Respon Cepat Aparat Kepolisian dan Tindakan Lanjutan
Mendengar suara benturan keras dan laporan dari masyarakat sekitar, personel Piket Regu II Polsek Sekayam segera merespons. Tim kepolisian mendatangi lokasi kejadian untuk melakukan beberapa tindakan penting:
- Evakuasi Korban: Petugas segera melakukan upaya evakuasi terhadap korban yang terlibat dalam kecelakaan.
- Pengamanan Lokasi: Area kejadian diamankan untuk mencegah adanya korban lanjutan atau gangguan lebih lanjut.
- Pengaturan Lalu Lintas: Arus lalu lintas di sekitar Jembatan Suban diatur untuk menghindari kemacetan dan potensi kecelakaan susulan di lokasi yang sama.
Selanjutnya, para korban dibawa ke Puskesmas Balai Karangan untuk menjalani pemeriksaan medis lebih lanjut. Pihak kepolisian juga tidak tinggal diam. Mereka segera melakukan olah Tempat Kejadian Perkara (TKP) untuk mengumpulkan bukti-bukti yang ada, mewawancarai para saksi mata yang berada di lokasi, serta mengamankan barang bukti yang berkaitan erat dengan kecelakaan tersebut.
Pesan Keselamatan dari Pihak Kepolisian
Kapolsek Sekayam, AKP Dr. Sutikno, S.Sos., M.A.P., secara resmi membenarkan terjadinya kecelakaan lalu lintas yang merenggut dua nyawa tersebut. Beliau menyatakan bahwa pihak kepolisian telah melakukan seluruh langkah penanganan sesuai dengan prosedur yang berlaku untuk memastikan penyebab pasti dari kecelakaan ini.
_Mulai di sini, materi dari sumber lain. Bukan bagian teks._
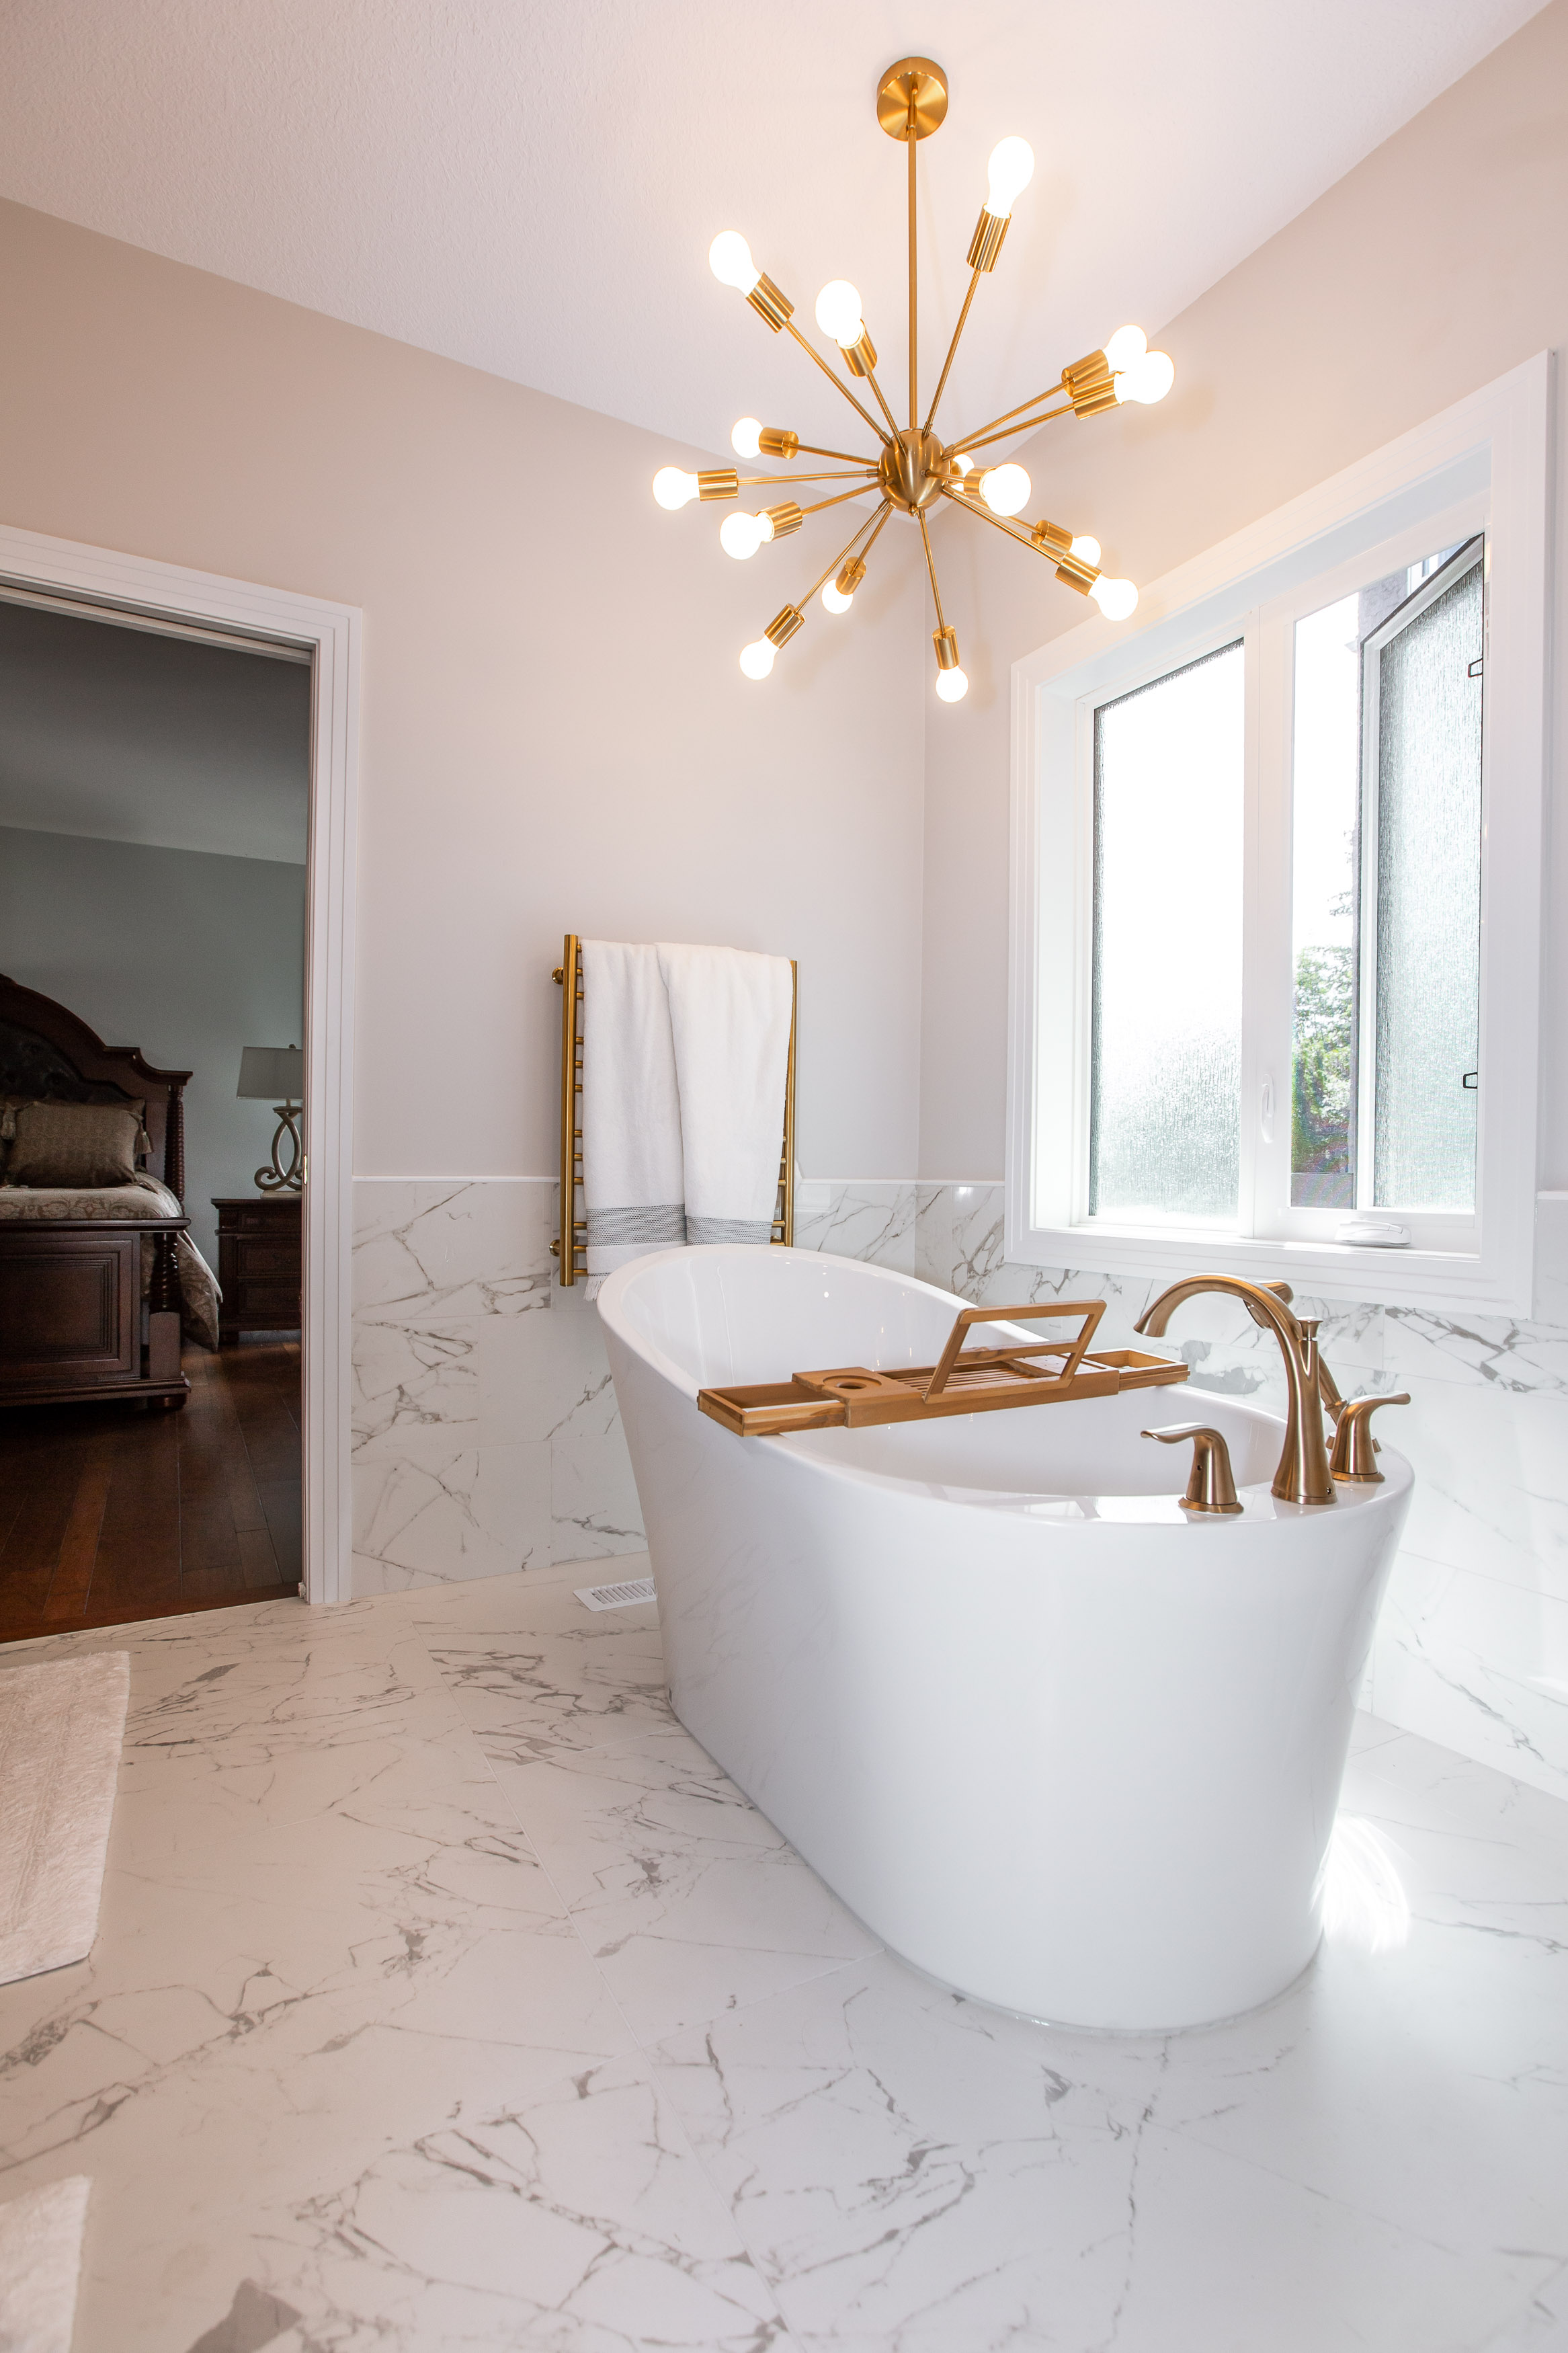 free standing tub, Luxurious En Suite Bathroom Inspiration, Contact Renovations blog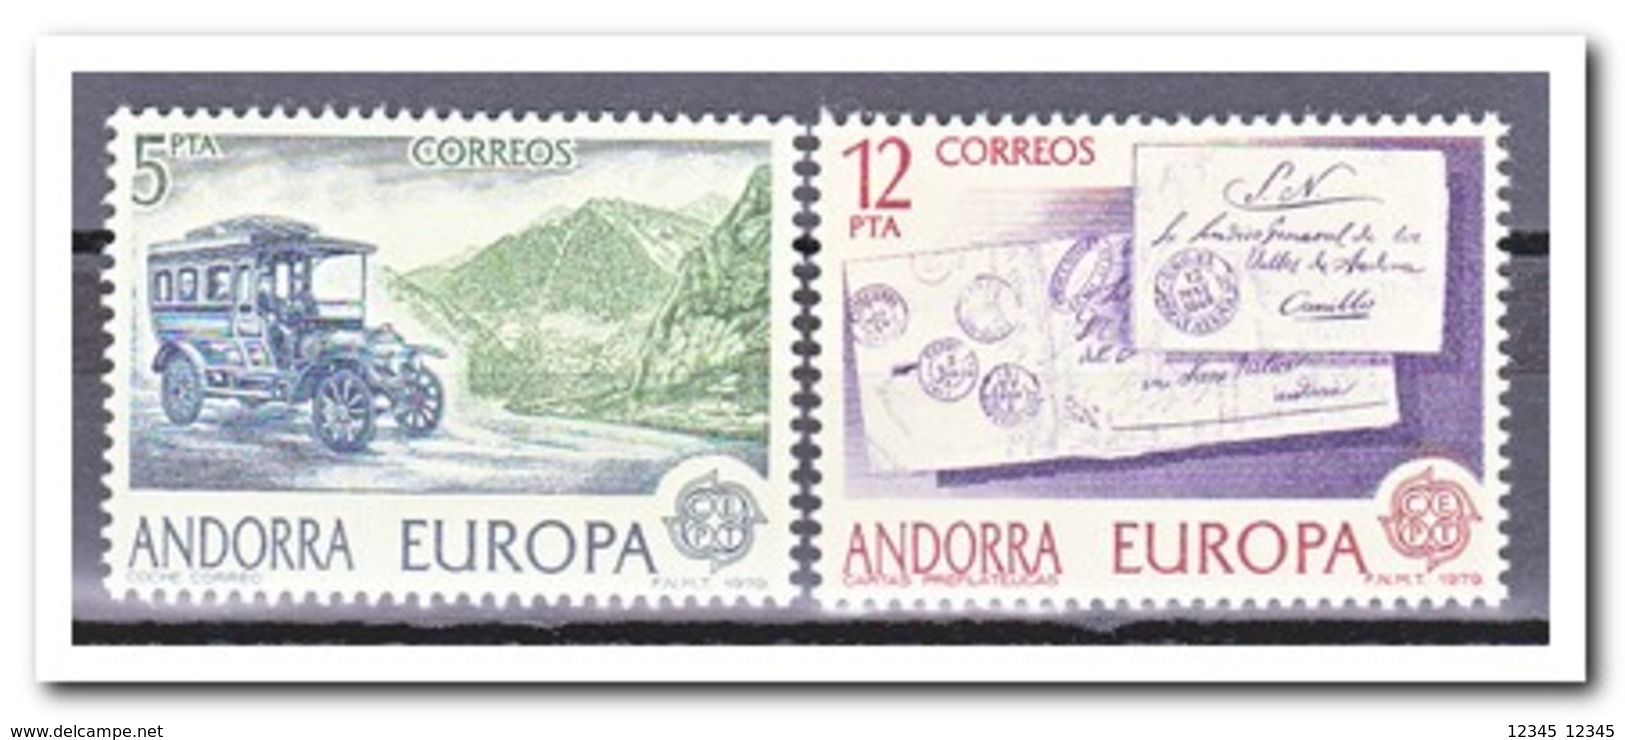 Spaans Andorra 1979, Postfris MNH, Europe, Post - Nuovi

“Kami turut menyampaikan belasungkawa yang mendalam kepada keluarga korban,” ujar AKP Dr. Sutikno. “Peristiwa ini menjadi pengingat bagi seluruh pengguna jalan agar selalu mengutamakan keselamatan, menjaga kecepatan kendaraan, memperhatikan kondisi lalu lintas di depan, serta mengedepankan kehati-hatian saat mendahului kendaraan lain.”
Beliau menambahkan bahwa faktor keselamatan berkendara merupakan tanggung jawab bersama. Setiap pengendara harus memastikan bahwa setiap manuver yang dilakukan memperhitungkan jarak aman, kondisi jalan, serta situasi kendaraan lain di sekitarnya. Dengan demikian, potensi terjadinya kecelakaan dapat diminimalisir.
AKP Dr. Sutikno juga memberikan imbauan khusus kepada masyarakat, terutama para orang tua, untuk meningkatkan pengawasan terhadap anak-anak dan remaja terkait penggunaan kendaraan bermotor.
Harapan terbesar dari Kapolsek Sekayam adalah agar peristiwa tragis yang terjadi di Jembatan Suban ini dapat menjadi pelajaran berharga bagi seluruh pengguna jalan. Diharapkan agar semua pihak dapat meningkatkan kedisiplinan dan mematuhi aturan lalu lintas demi terwujudnya keselamatan bersama di jalan raya.